Task to carry out: Go to the line with "Кейт Міддлтон і" in the records below, then output it and each following line exactly, up to and including the line with "Инфракрасный кварцевый обогреватель". Skip pictures and add nothing.

Supplied records:

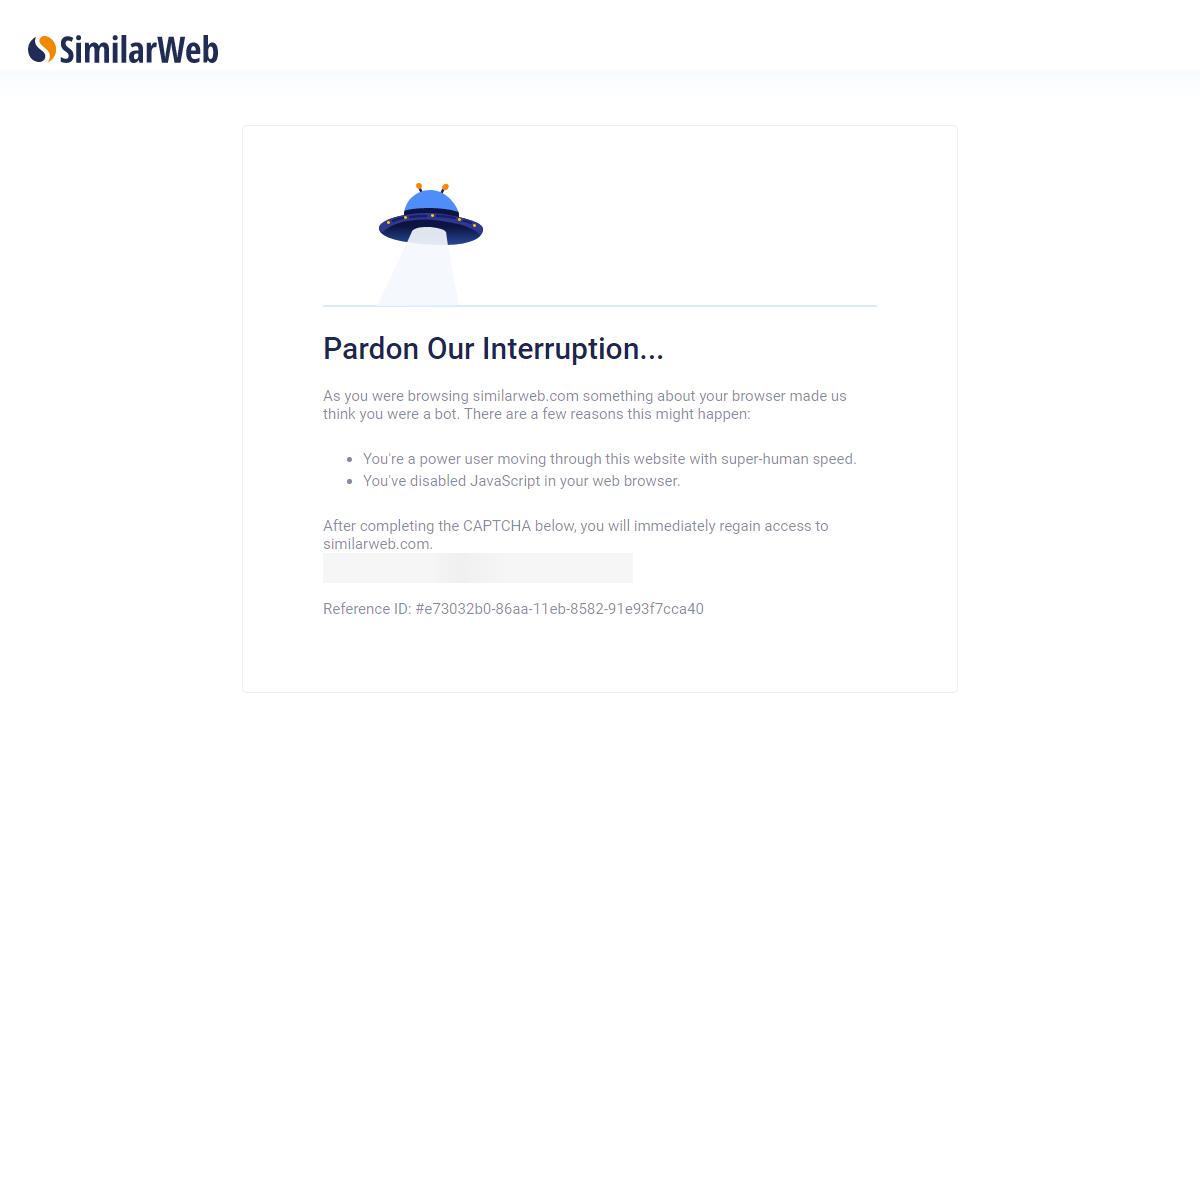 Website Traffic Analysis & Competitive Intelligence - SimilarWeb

...

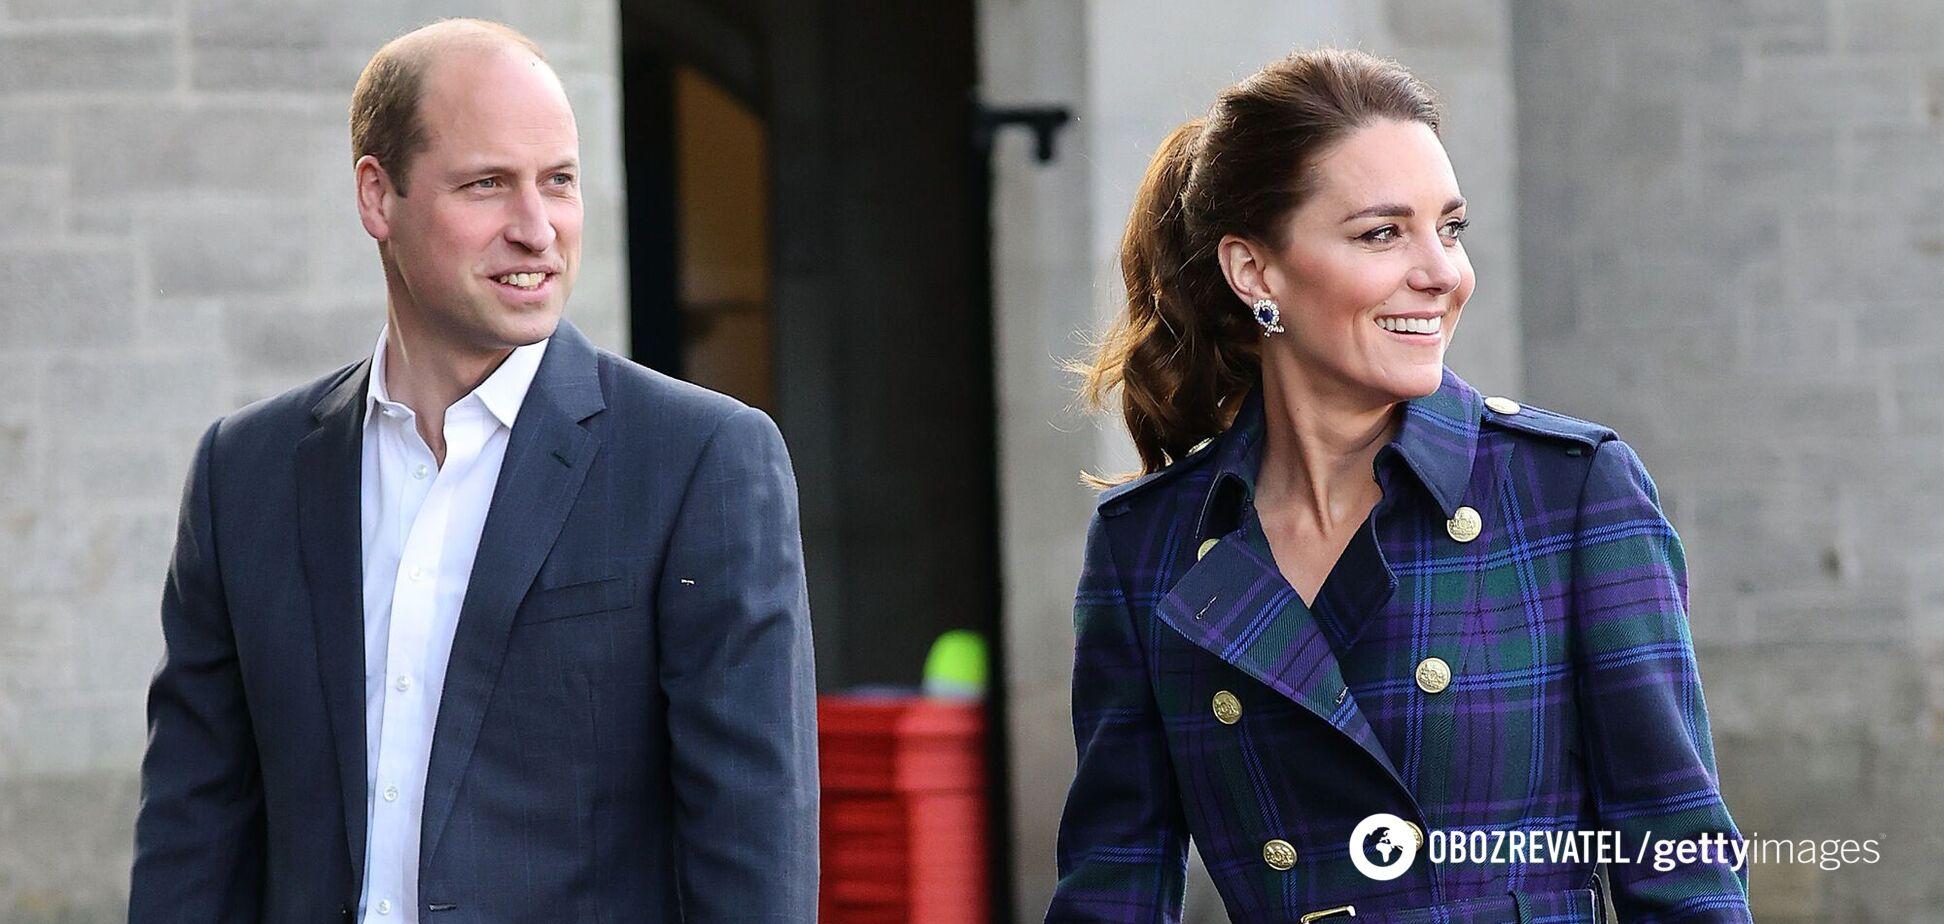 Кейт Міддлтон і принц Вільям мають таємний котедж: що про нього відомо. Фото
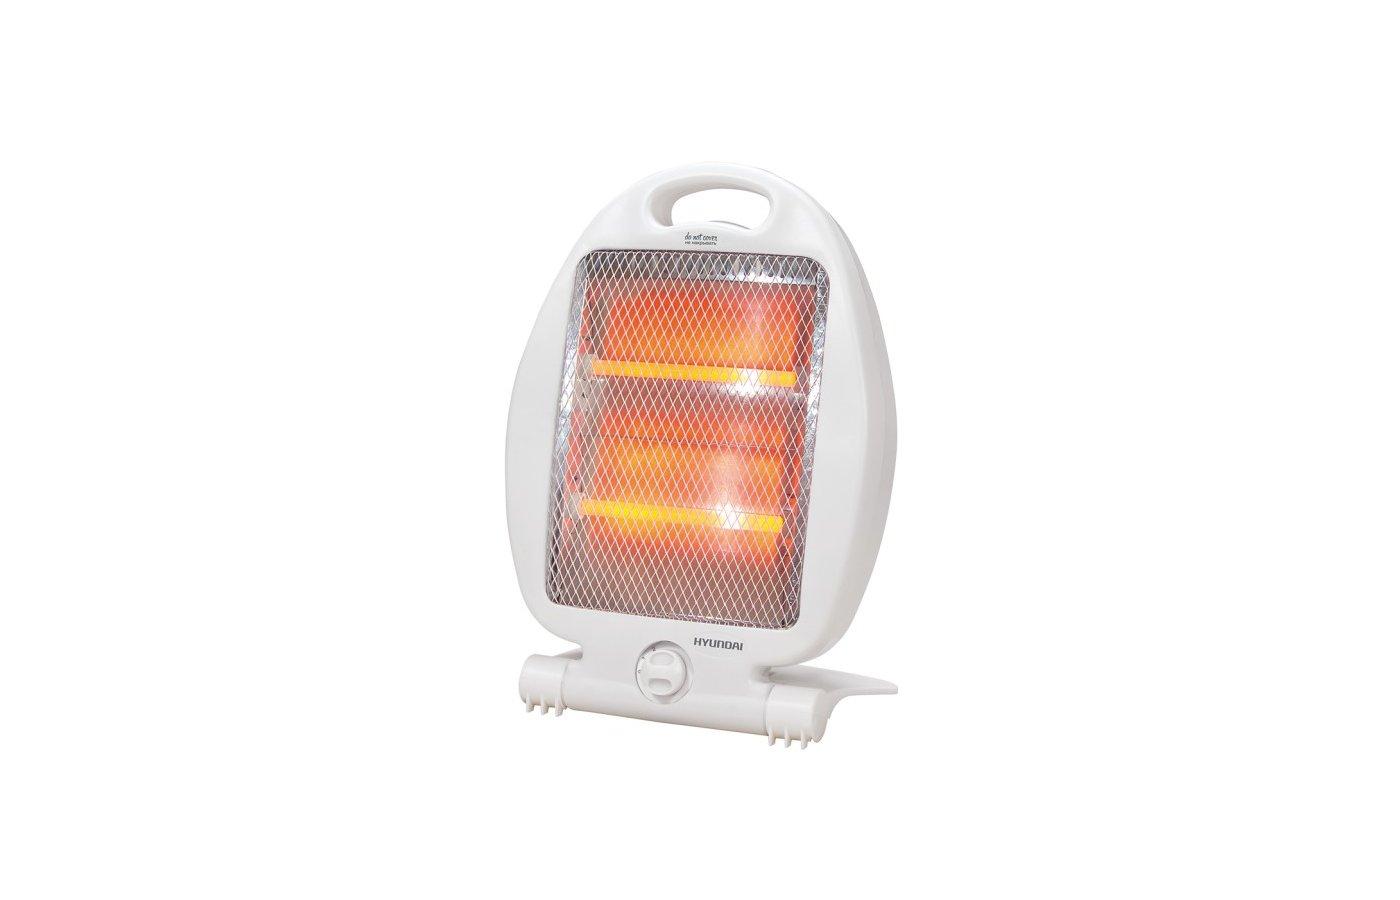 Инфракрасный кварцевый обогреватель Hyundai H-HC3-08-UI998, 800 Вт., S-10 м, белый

--

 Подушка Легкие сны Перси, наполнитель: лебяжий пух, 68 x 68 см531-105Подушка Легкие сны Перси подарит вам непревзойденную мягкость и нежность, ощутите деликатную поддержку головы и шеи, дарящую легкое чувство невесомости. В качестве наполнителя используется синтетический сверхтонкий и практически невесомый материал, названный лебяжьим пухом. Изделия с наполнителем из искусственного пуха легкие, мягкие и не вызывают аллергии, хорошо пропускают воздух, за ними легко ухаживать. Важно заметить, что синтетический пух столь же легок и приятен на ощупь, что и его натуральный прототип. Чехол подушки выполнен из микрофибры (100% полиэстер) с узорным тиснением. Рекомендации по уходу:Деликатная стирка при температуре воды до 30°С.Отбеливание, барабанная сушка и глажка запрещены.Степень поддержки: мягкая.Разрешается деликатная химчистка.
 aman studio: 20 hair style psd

Task solution:
 Кейт Міддлтон і принц Вільям мають таємний котедж: що про нього відомо. Фото
 Инфракрасный кварцевый обогреватель Hyundai H-HC3-08-UI998, 800 Вт., S-10 м, белый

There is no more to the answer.